Hennessy Ireland and IMMA have announced the four artists whose works have been selected to be purchased by The Hennessy Art Fund for IMMA Collection 2017. Ciarán Murphy, Maireád McClean, Mark Garry and Yuri Pattison see their works added to the IMMA National Collection of Contemporary and Modern Art and join the company of esteemed artists such as Louis le Brocquy, Patrick Scott and Katie Holten.
In 2016 Hennessy Ireland formed a unique partnership with IMMA to help fund the purchase of important works by Irish and Irish based artists for the National Collection. Works are sought that show excellence and innovation within contemporary art developments, and which represent a signal moment of achievement with the artist’s practice and capture a moment in time of Irish culture. They must also have been made within the previous five years.

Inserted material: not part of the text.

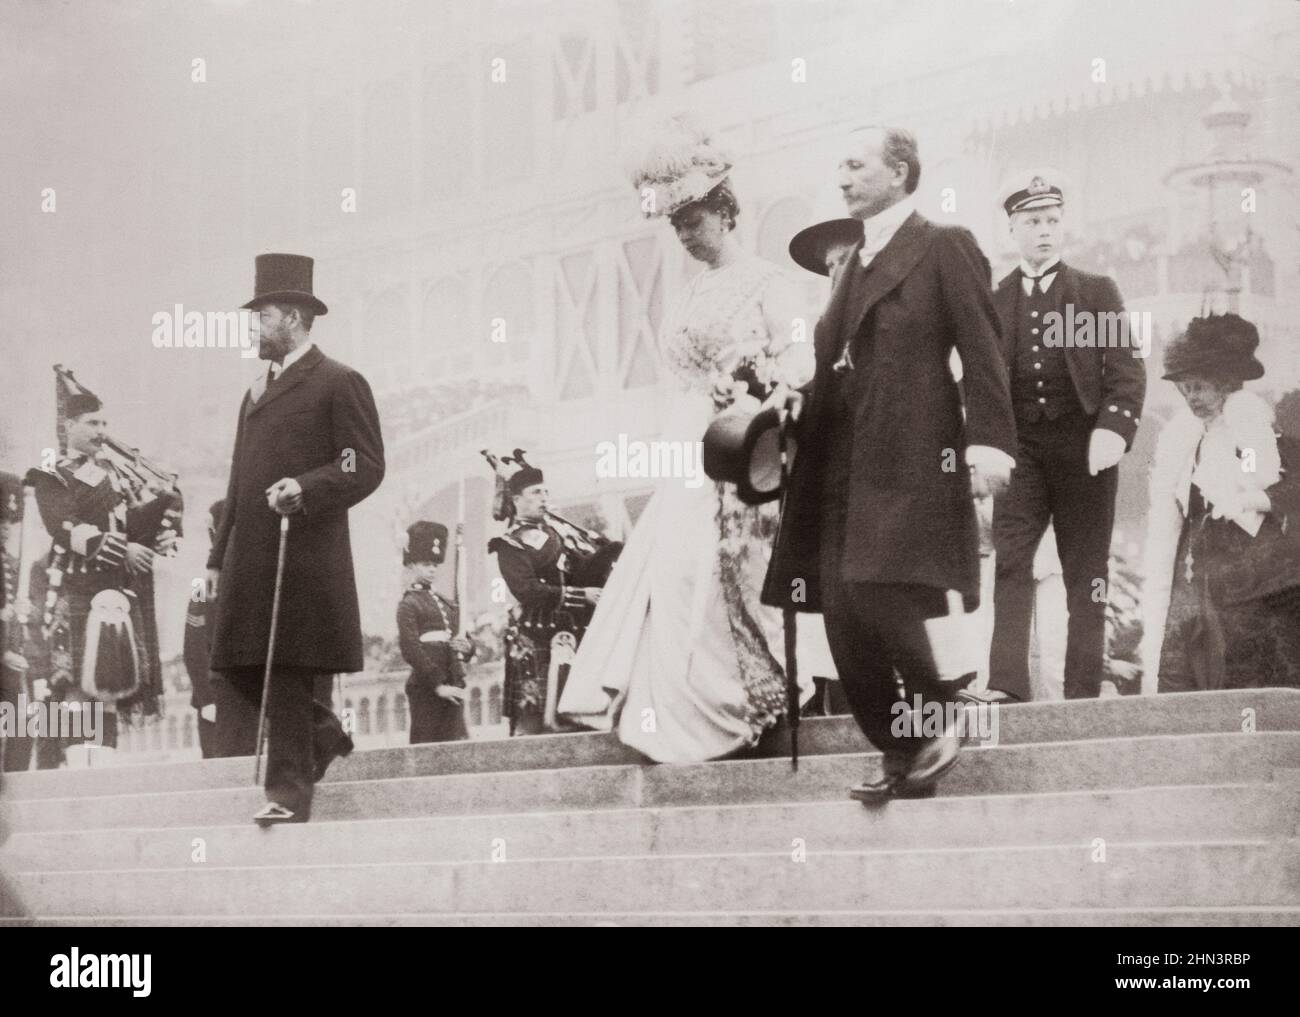 Vintage-Foto von König George V des Vereinigten Königreichs, Queen Mary, Earl Plymouth und dem Prince of Wales (George VI) bei der Eröffnung des Festivals von Stockfoto

Artists are nominated by a selection panel, including IMMA Director, Sarah Glennie and Head of Collections, Christina Kennedy and independent guest curator, Roscommon based visual artist Linda Shevlin. Linda has curated, facilitated and managed both large and small-scale visual arts projects including the 53rd Venice Biennale where she was project manager for the representative artists Gareth Kennedy & Sarah Browne and Radical Actions at RMIT Galleries, Melbourne as part of Culture Ireland’s 2016 international programme I Am Ireland. Final recommendations are approved by the IMMA Collection & Acquisitions Committee, in line with IMMA’s Collection policy. The inaugural Hennessy Art Fund for IMMA Collection saw works by artists Kevin Atherton, David Beattie, Rhona Byrne and Dennis McNulty selected.
Since the first solo presentation of Ciarán Murphy’s paintings in Dublin in 2005 his work has achieved considerable national and international critical success, with solo exhibitions in Kavi Gupta Gallery Chicago, Grimm Gallery Amsterdam and Douglas Hyde Gallery Dublin; the work of Mairéad McClean, who grew up in Tyrone and has been based in London for the past 25 years, disrupts and restructures events from the past highlighting the unreliability of history; Mark Garry’s practice stems from and is informed by a number of diverse fields of research, which inform his interest in observing and engaging with the many mechanisms that influence and effect how one navigates the world and the complexity and subjectivity inherent in these navigations; while Dubliner Yuri Pattison is described as a tireless, natural thinker at the forefront of a group of emerging artists whose practices, in an inherently 21st century manner, are informed by a seamless merger of hard and soft realities.